Meet your 2022 UCP leadership candidates
None of these people should be anywhere near the levers of power
Alberta Premier Jason Kenney is resigning, eventually, after he received a dismal 51.4% in his leadership review earlier this year. But first, there’s a leadership race to replace him as leader of the United Conservative Party he forged from the ashes of the PC and Wildrose parties.
I’ve decided to compile a list of all the candidates in the running to replace him, none of whom should be anywhere near the levers of power.
The winner will, of course, become the next premier of Alberta and, barring some major unforeseen scandal, will run against NDP leader and former premier Rachel Notley in next year’s election.
I will be updating this list if further candidacies are announced before the July 20 deadline. The leadership vote, which will be via ranked ballot, is Oct. 6.
Danielle Smith
Where does one start with Smith? Two years after losing the 2012 election to Alison Redford and the PCs, the former Wildrose leader took a literal ‘if you can’t beat them, join them’ approach, crossing the floor with more than half her caucus to join the PC government of then-premier Jim Prentice. However, she would never have the opportunity to run for Prentice’s Tories, as she lost her own nomination bid six months later for the riding of Highwood.

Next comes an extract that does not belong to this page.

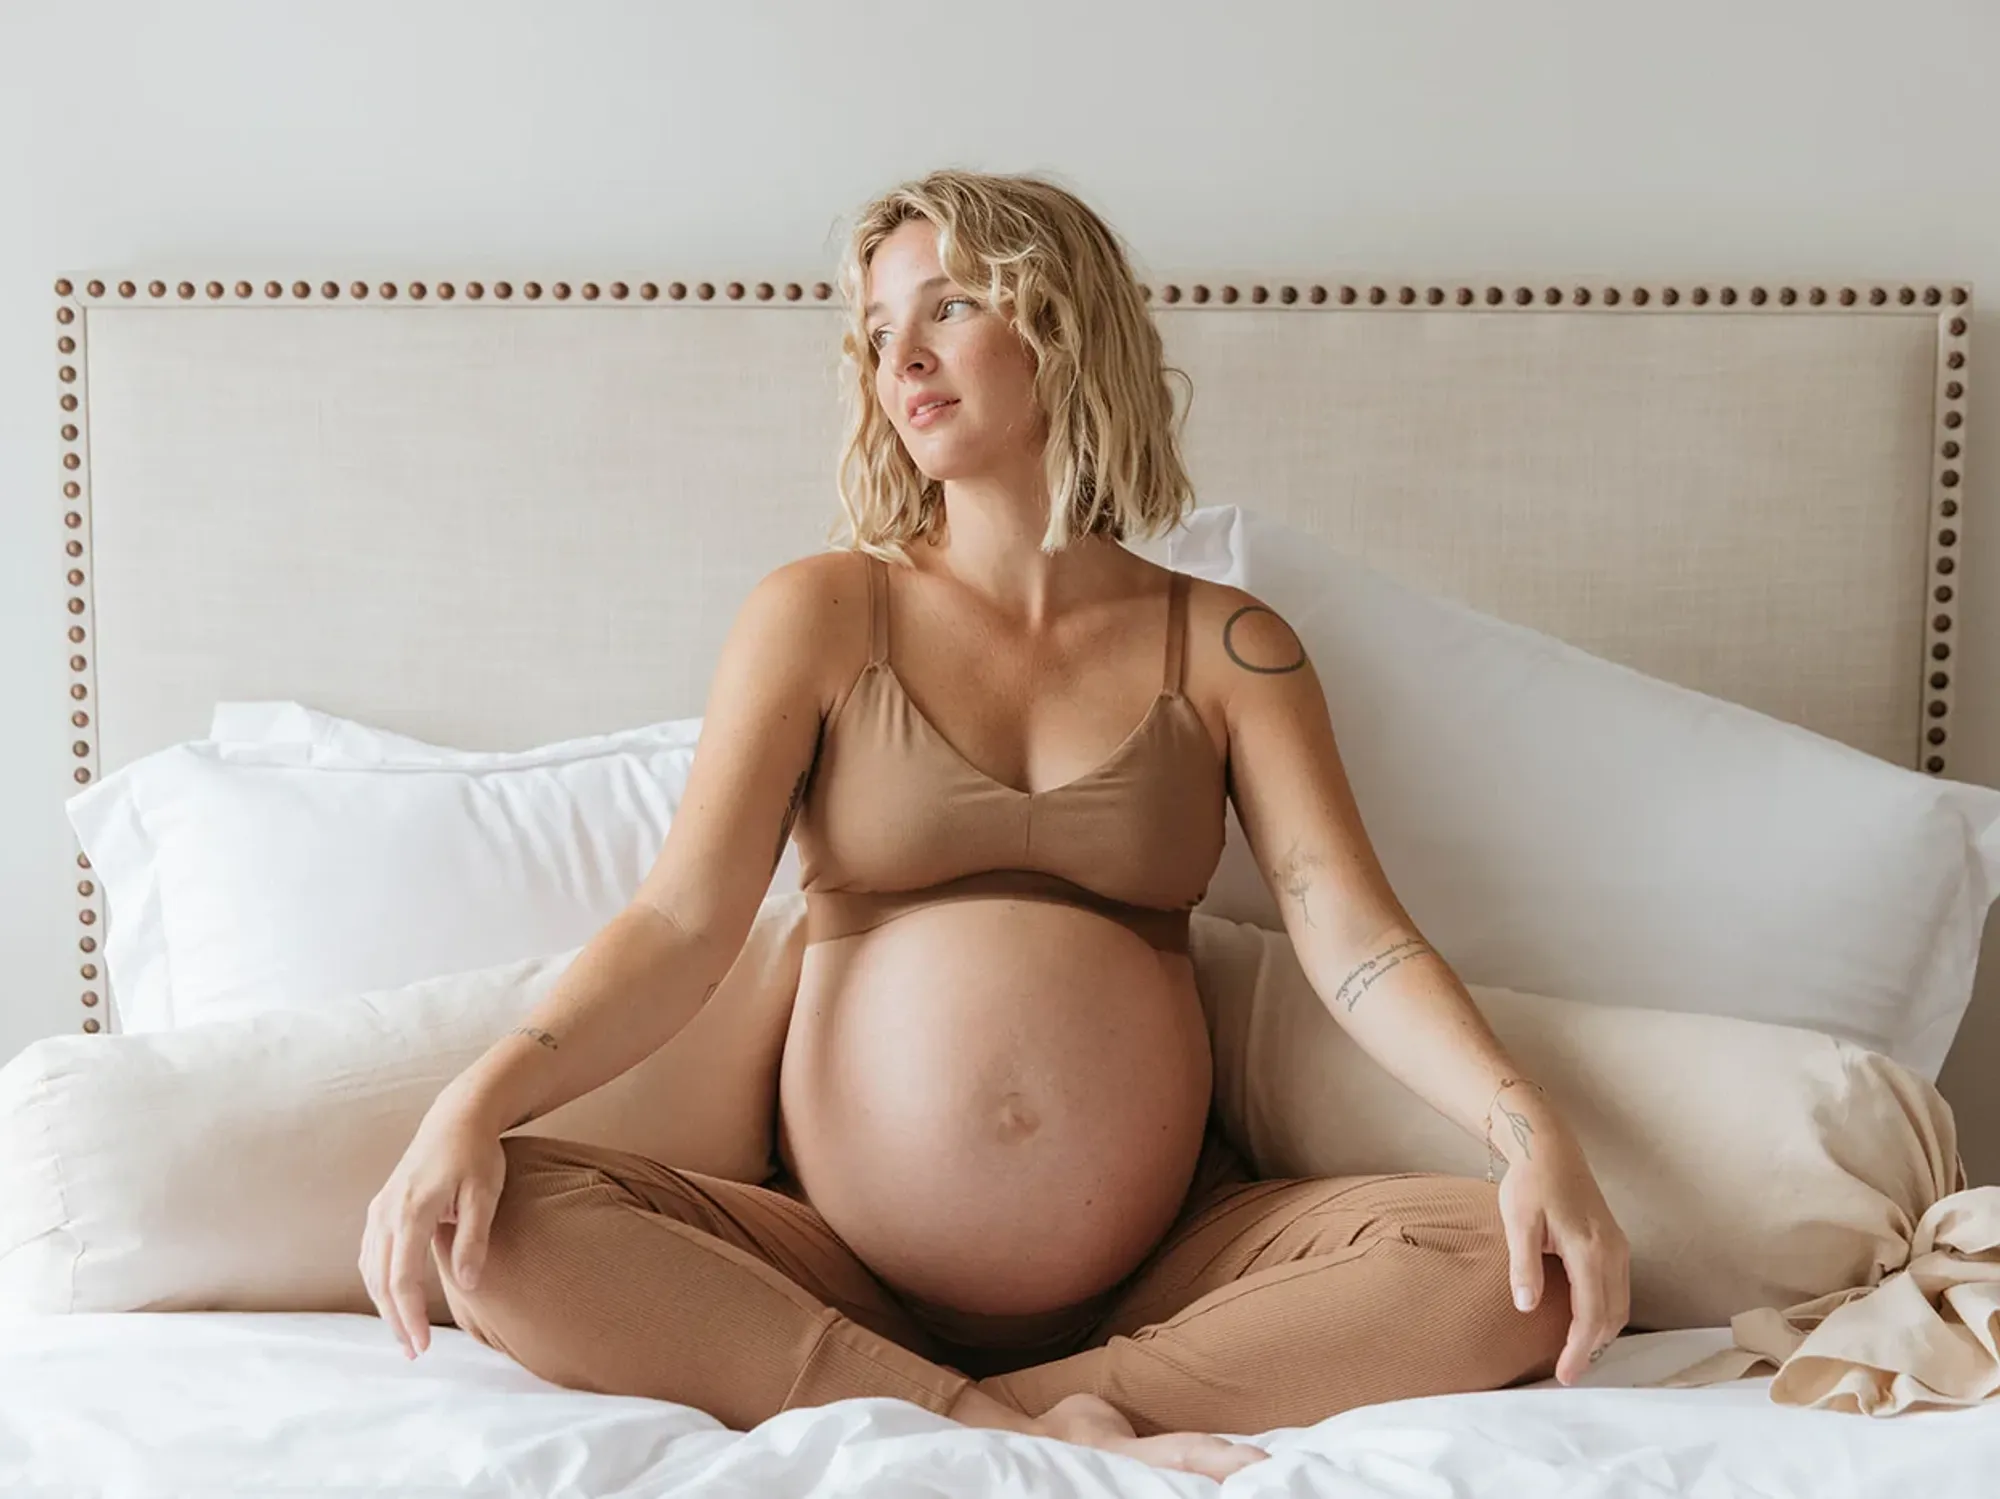 Preserve the beauty of your pregnancy forever with Belly Bowl

After her political career ended temporarily, Smith became a radio host on Corus, leaving in January 2021 to make some vague statement about “cancel culture” — likely related in part to criticism she received over a since-deleted March 2020 tweet claiming “hydroxychloroquine cures 100 per cent of coronavirus patients within six days of treatment.”
Since then, she’s accused Alberta Health Services and College of Physicians and Surgeons of suppressing the truth about ivermectin as a COVID treatment and in a whopper of a Calgary Herald column compared mandatory vaccination to Nazi experiments on Jewish people during the Holocaust.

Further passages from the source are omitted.